▸ **What you are asked to do**
For the material below, the expected output is exactly the lines between the line holding "Un uomo baciare" and the line holding "Мальдивы, отель Emerald", inclusive, with pictures left out.

▸ **Listed entries**
.....

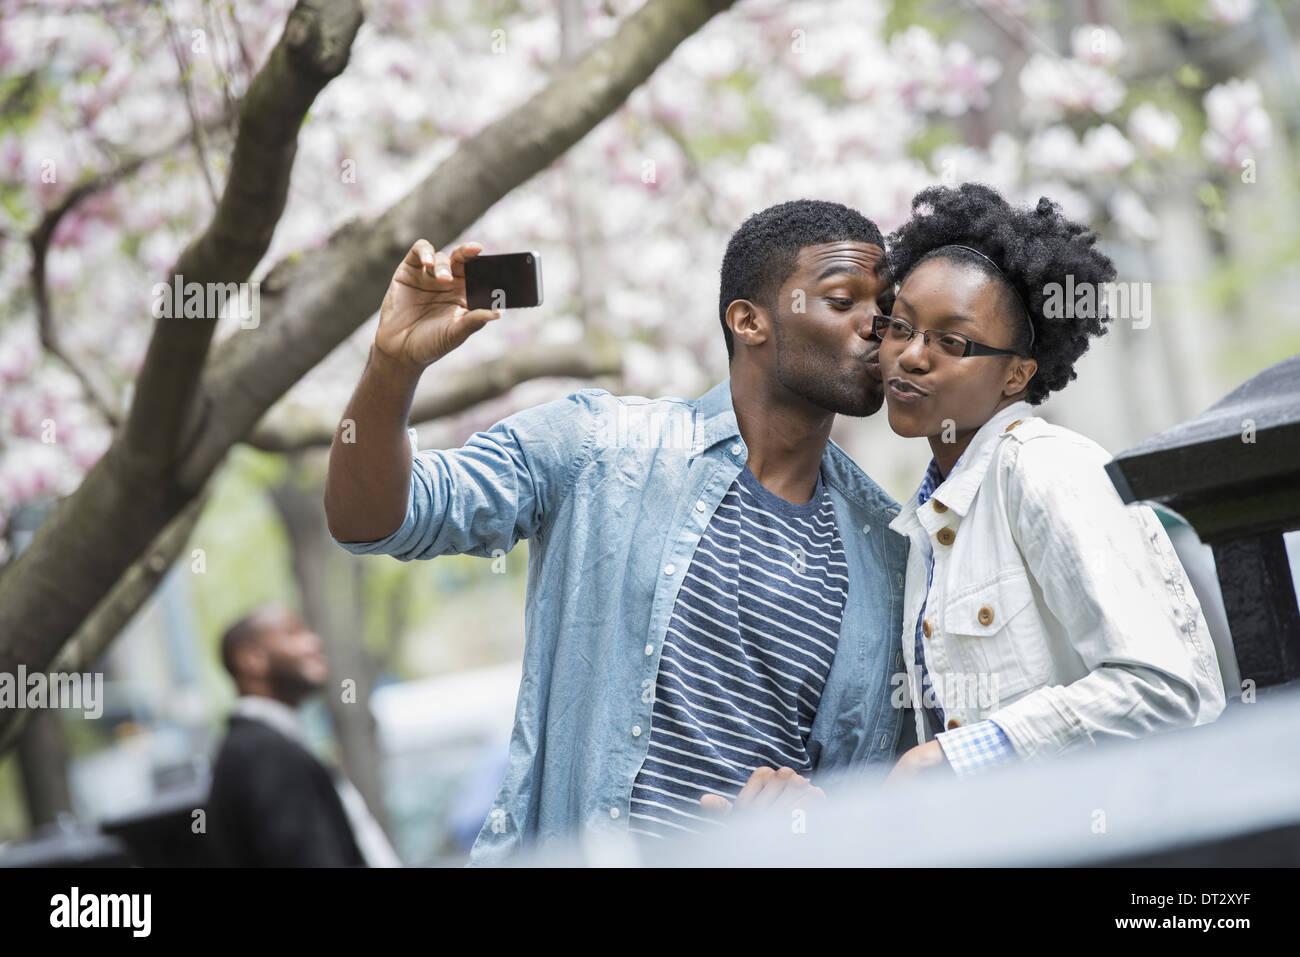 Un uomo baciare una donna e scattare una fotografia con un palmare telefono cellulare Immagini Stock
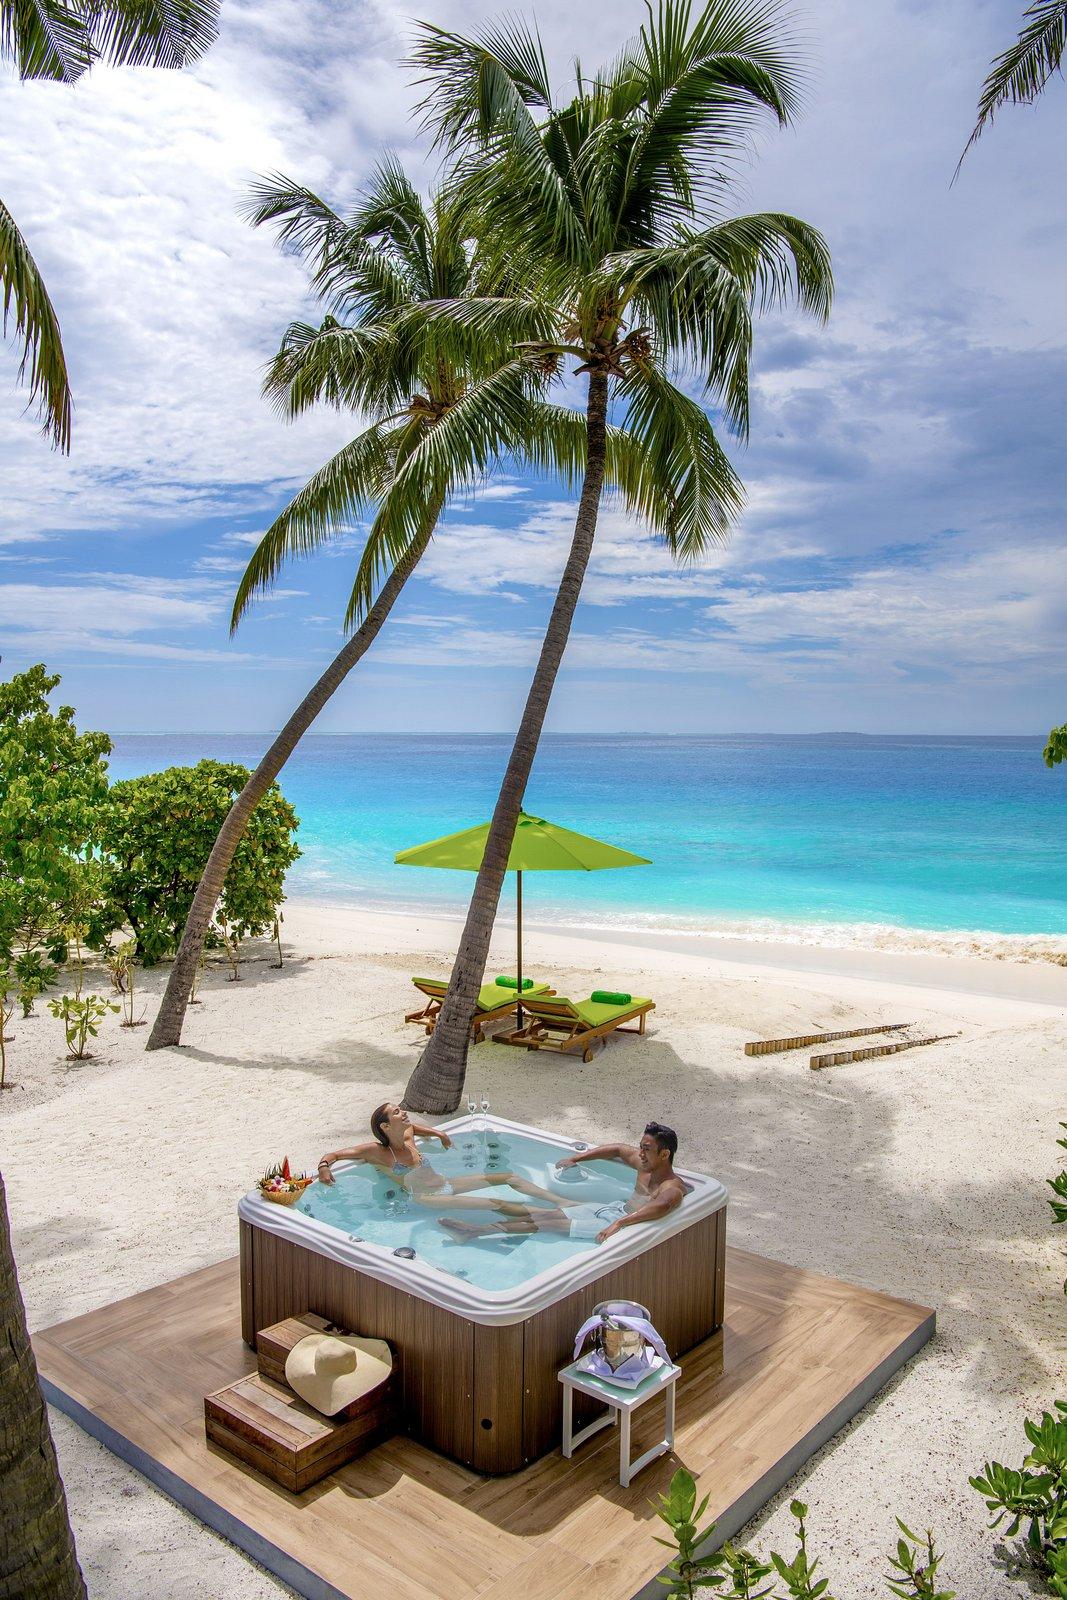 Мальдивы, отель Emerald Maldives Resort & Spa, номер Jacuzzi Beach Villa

.....

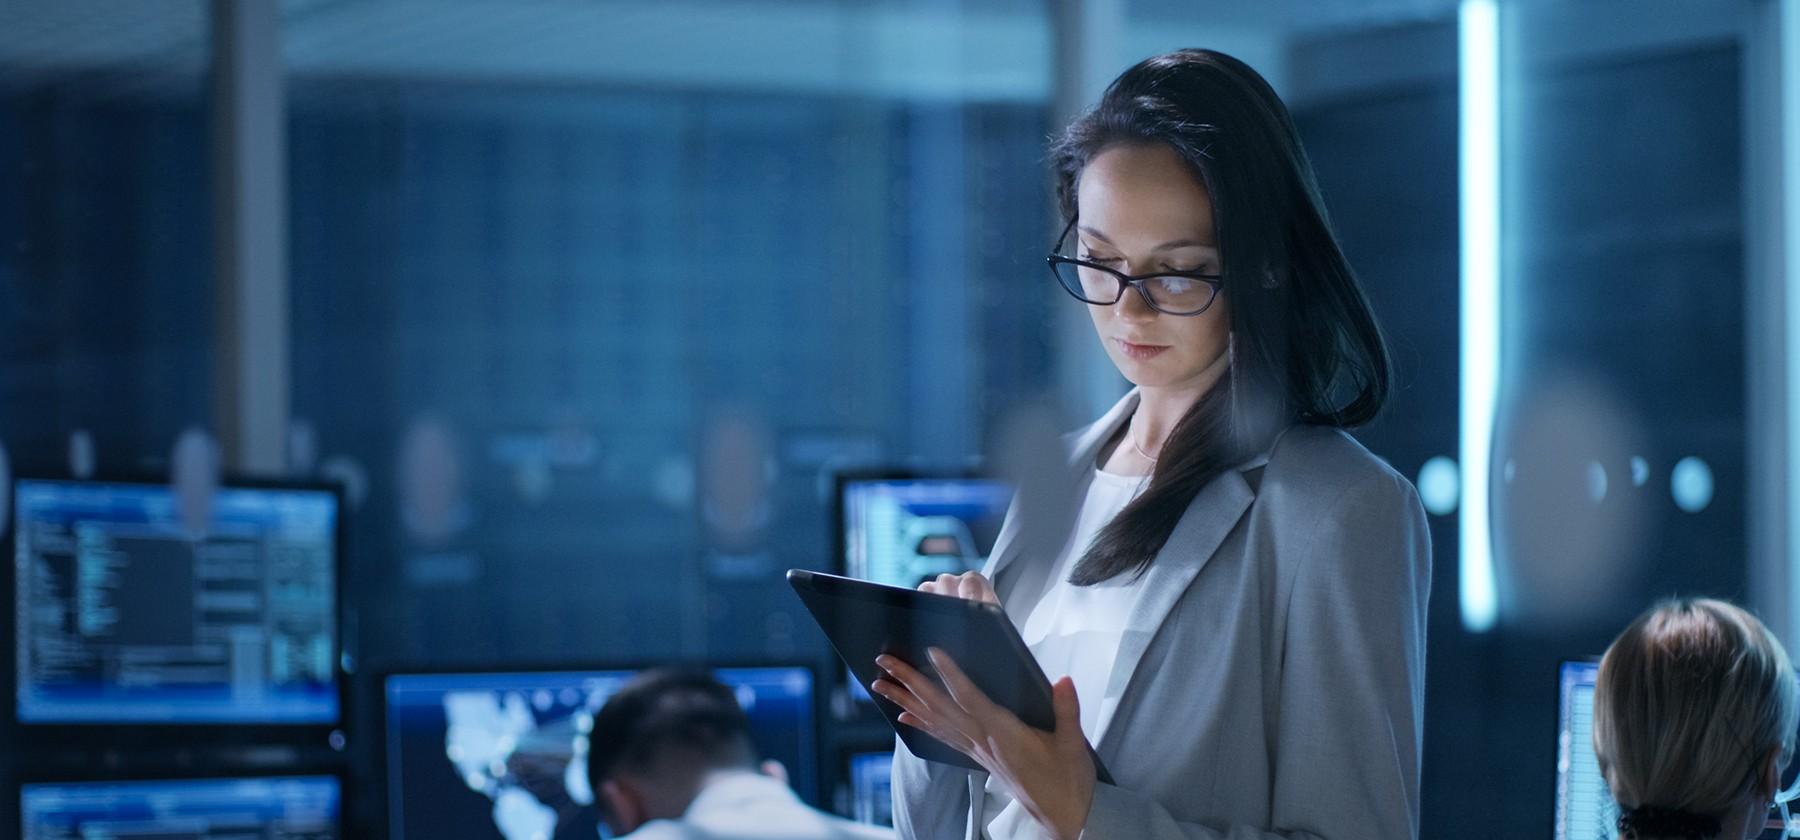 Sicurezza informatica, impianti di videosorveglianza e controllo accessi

.....

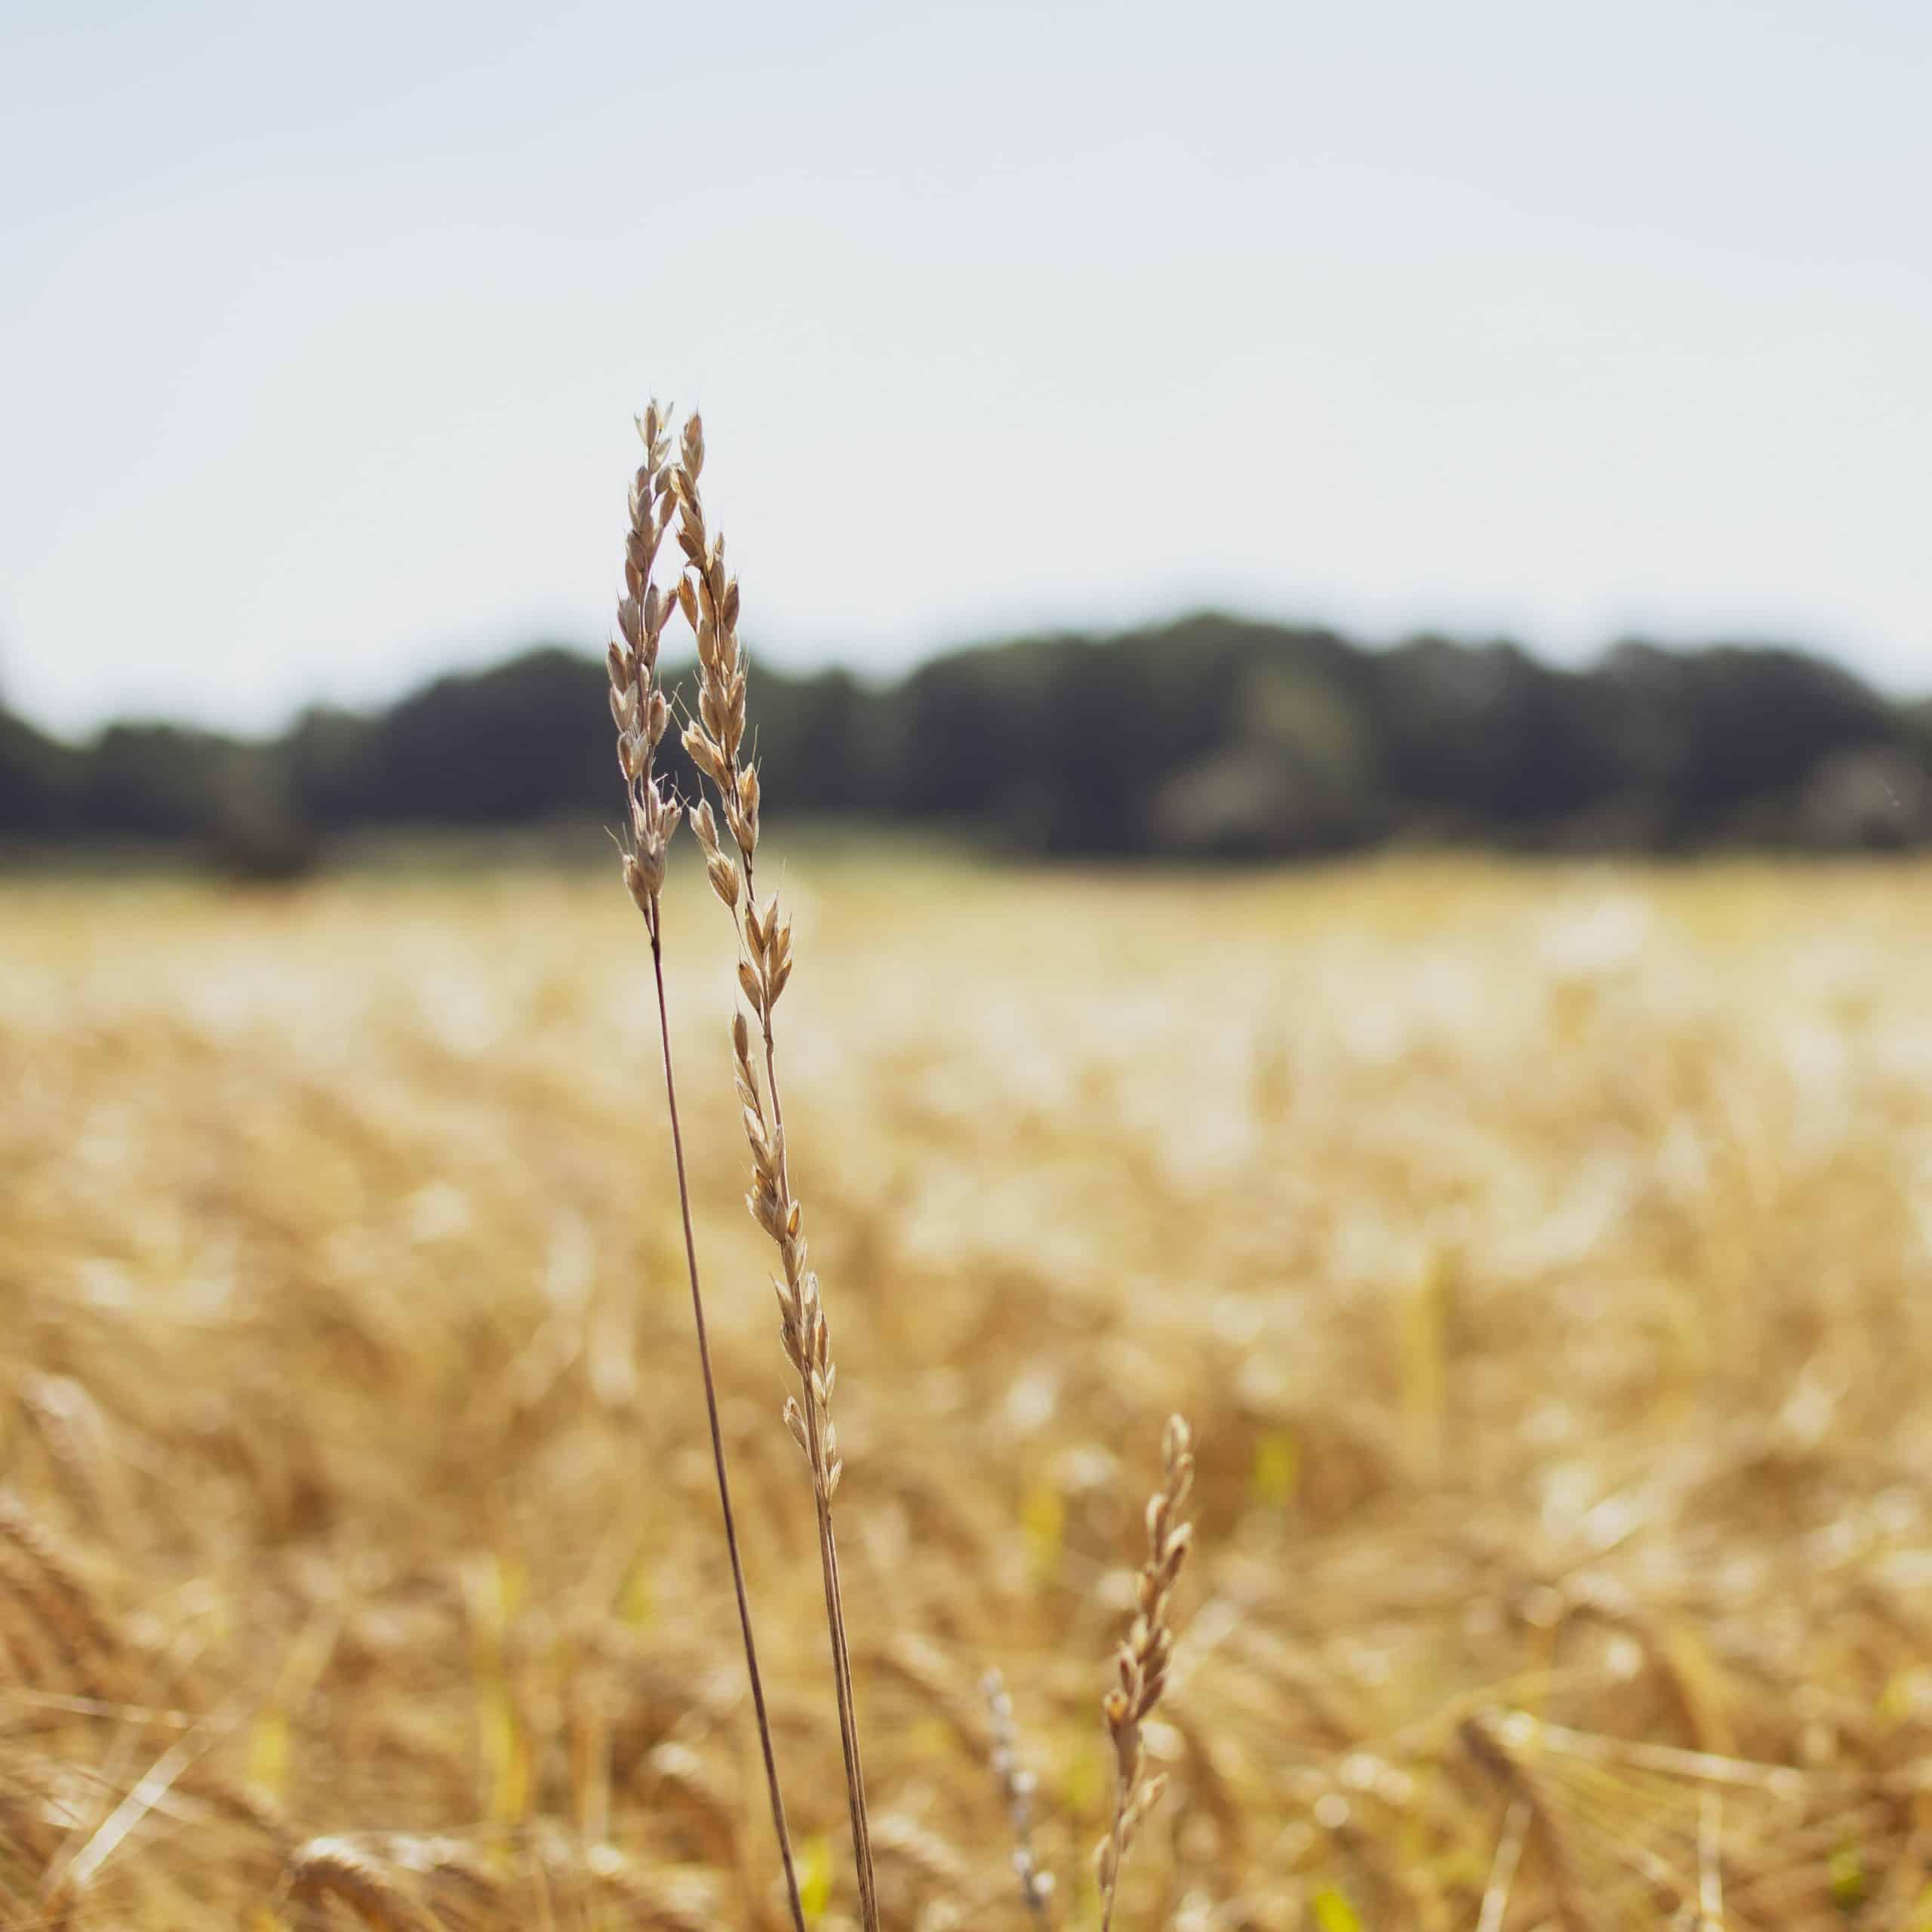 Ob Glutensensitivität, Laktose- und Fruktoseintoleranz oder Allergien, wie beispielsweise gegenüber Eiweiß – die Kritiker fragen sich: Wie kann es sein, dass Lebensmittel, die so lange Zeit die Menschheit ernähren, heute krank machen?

.....

▸ **Solved problem**
 Un uomo baciare una donna e scattare una fotografia con un palmare telefono cellulare Immagini Stock
 Мальдивы, отель Emerald Maldives Resort & Spa, номер Jacuzzi Beach Villa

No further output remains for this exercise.